Watch a report by ITV News Anglia's Matthew Hudson
The mother of a murdered schoolboy - living under the spectre of suspicion for nearly 30 years - has described how she had to shout and scream to finally get justice for her son.
Ruth Neave was accused of killing six-year-old Rikki soon after he went missing and was found dead in a Peterborough woodland in 1994.
Despite a jury finding her not guilty in 1996, it was another 25 years before James Watson - a neighbour of the family on the Welland Estate - appeared in court charged with murder.
"I've had to fight for my life for 30 years," she said in an exclusive interview with ITV News Anglia following the end of Watson's trial.
"I have had to shout, scream, to tell people the truth. They need to know the truth."
At the same time as her murder acquittal, Ms Neave was given a seven-year sentence after admitting five counts of child cruelty.
While in Holloway prison - the former women-only jail that had previously hosted Moors murderer Myra Hindley - Rikki's mum said she "got on really well with everybody" and always had their support.
"You go into prison and you find out if you're a child murderer or not," she said. "Because if you convince them of the truth, they will believe you and back you up all the way.
"I did. I convinced everyone. Everyone knew I didn't kill Rikki."

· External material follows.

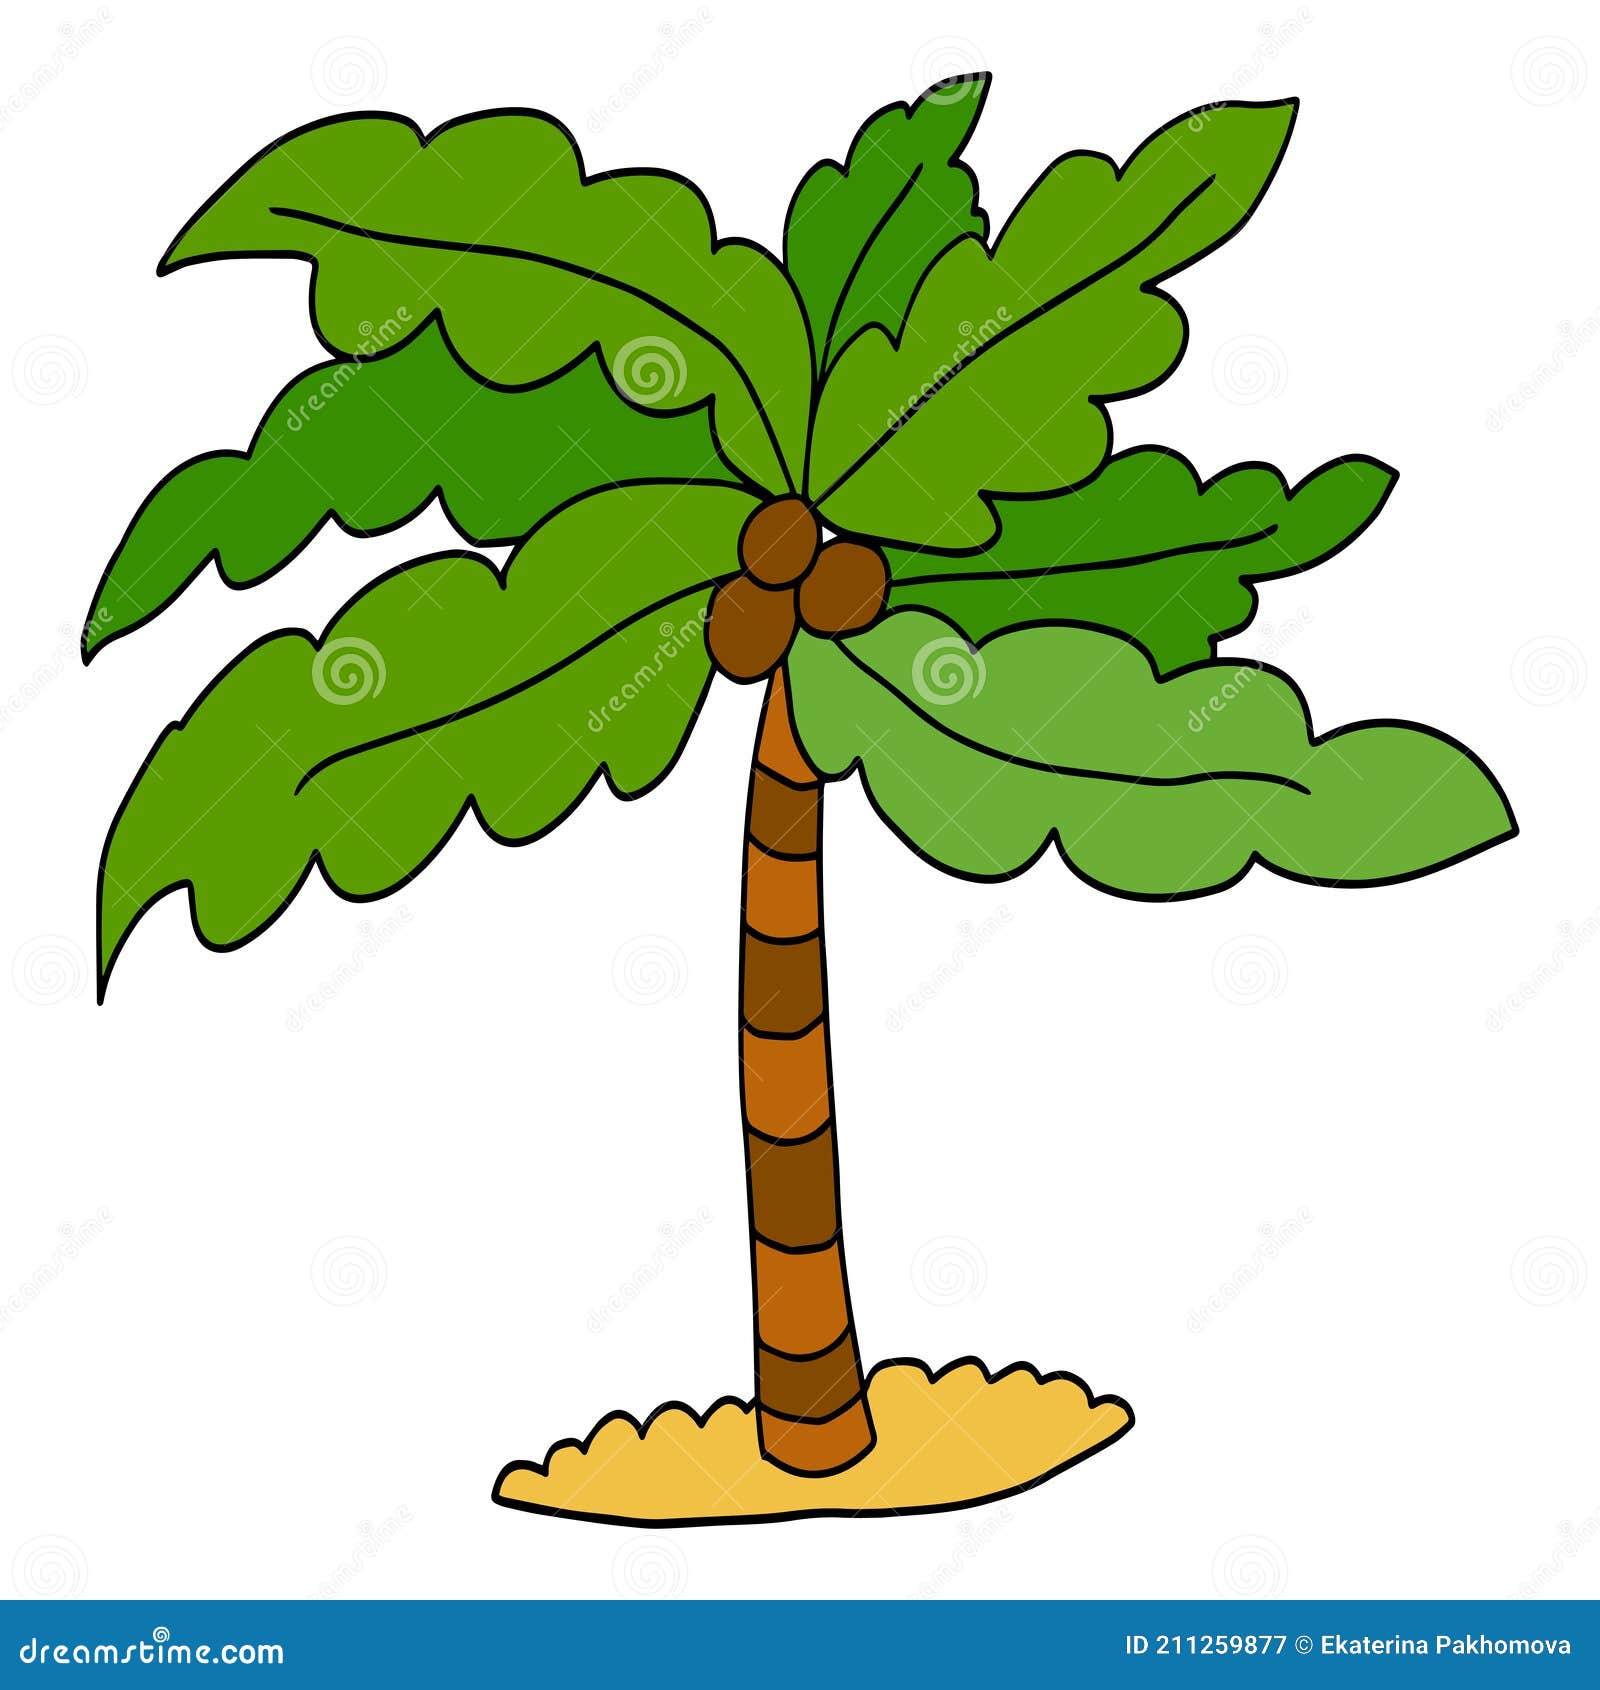 Cute Cartoon Doodle Linear Palm Isolated on White Background Stock ...
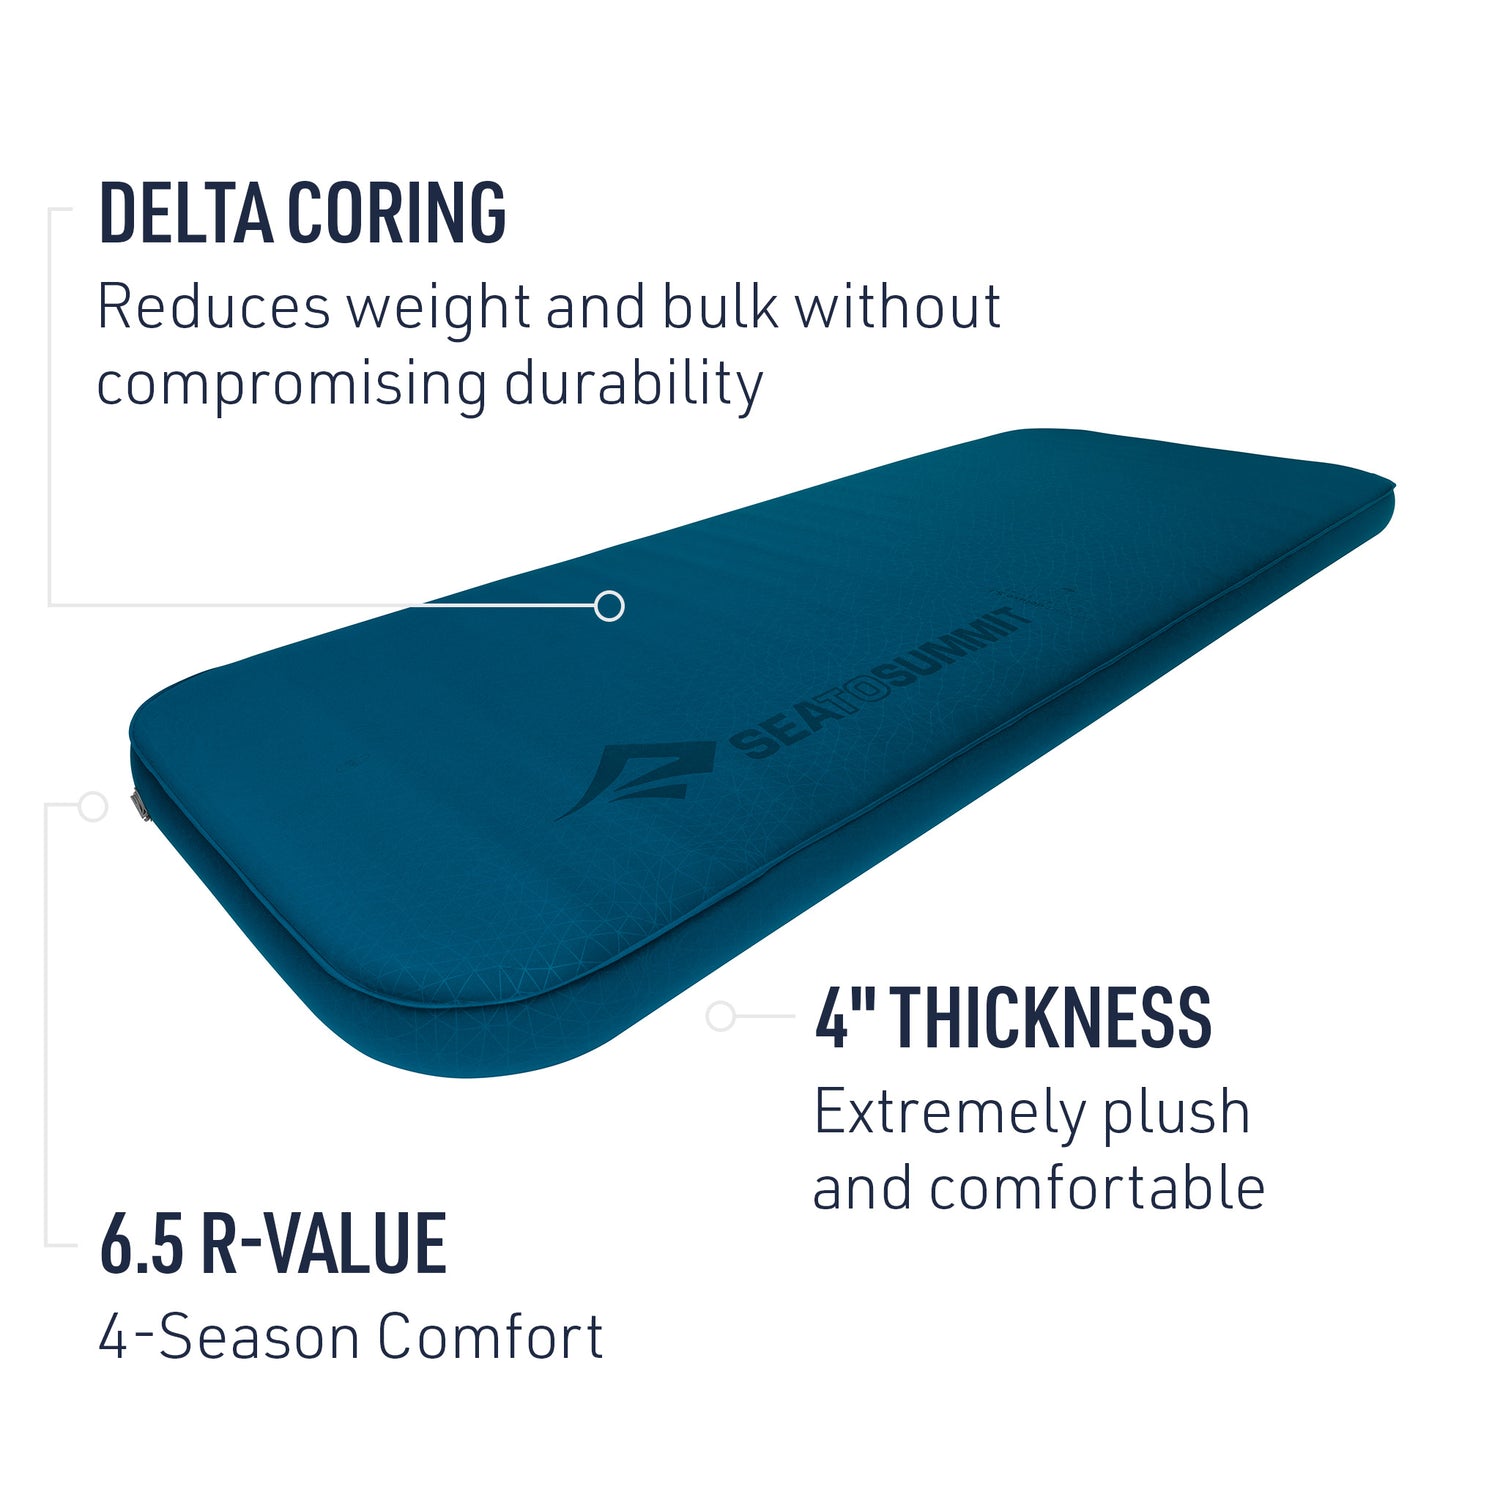 Sea to Summit Comfort Deluxe Insulated Mat

But when she was released in 2000, she found it would be a lot harder to convince the public - and police - that her son's murderer was still out there.
The family's real breakthrough came in 2014 when, following encouragement from her partner Gary Rogers, Ms Neave held a press conference to insist Rikki's killer remained at large.
"Gary said to me 'if you want to go and get justice, we will do it'. I left it for a bit and then thought ... I'm going for it," she said. "I don't wish I had never done it, but it's been bloody hard."
A year later, police re-opened their investigation with a fresh team looking at the case using up-to-date methods and the latest forensic techniques.
It led to the arrest and charge of James Watson, a now-41-year-old man who would have been just 13 at the time of the killing.
'A boisterous little boy with toys in his pocket'
When Rikki died, his mother was instantly cast in the role of suspect - something police now admit was wrong.
It meant Ms Neave and her family were never able to properly mourn their son and tell the world what he was like.
Thinking back, she said he was a "beautiful, gorgeous little boy" who had often been mistaken for a girl as a baby because of his white, curly hair.
"He was sweet," she added. "He was kind, boisterous, wouldn't take no for an answer. He was just a lovely boy.
"One of his early words was 'naughty'. He knew what was wrong."
During the trial, former school friends described playing with Rikki in the woods where his body was later found naked and posed in a star shape.
When his clothes were discovered dumped in a wheelie bin a short distance away, police found cards and toys in his pockets.
And although Rikki's attendance at school was often patchy - with his former headteacher telling the Old Bailey she was often in contact with the Neave family - his mum said she knew he had a good brain on him.
"He was very good with his hands," she said. "He would get something, take it apart and put it back together again and it would work.
"One day, off a skip, he got a red and yellow boombox. He had all his stuff with him... and he got it to work.
"I think he would have been a mechanic or an electrician. He had the hands and the brains."
'I took my eye off the ball'
On the day he went missing, six-year-old Rikki had headed off to school on his own.
During the 14-week trial at the Old Bailey, Ms Neave told jurors not walking with him that day was the "biggest mistake of her life".
Away from the trial, she said she regretted not keeping a closer eye on him.
She said: "I wouldn't have given him so much freedom. I gave him too much freedom. I took my eye off the ball.
"I always used to make sure he was in the garden or outside in the car park. I would give him my watch and say 'when it goes to there, you come back, every hour'. And he did. He always used to come back."
But on 27 November 1994, Rikki did not come back. Ms Neave described feeling "paralysed" at the time and being too distraught to speak at his funeral nearly three months later.
Cambridgeshire journalist John Elworthy, who has supported the family throughout their campaign for justice, said she did not get the support she needed.
"Ruth was never treated as a victim," said Mr Elworthy, editor of the Cambs Times. "She lost her six-year-old son. She had not murdered him - that was proven. But she lost her family and she never saw the kids from that day."
During the trial, jurors heard accusations that Ms Neave had abused her children - hitting Rikki during a visit to a chemist and holding him upside down on a bridge as he screamed, among other incidents.
Despite pleading guilty to child cruelty in 1996, Ms Neave now insists all those claims are "absolute rubbish", adding: "I wouldn't do that. That's awful."
Mr Elworthy said: "Today, she would be a woman in crisis, who would be smothered by social services and given the help and support she needed. Back then, she was a loose cannon living in horrible circumstances."
For Ruth Neave, those horrible circumstances have continued to haunt her for more than 30 years.
With the conclusion of James Watson's murder trial deciding he was indeed the person who killed Rikki, they may now finally be put to rest.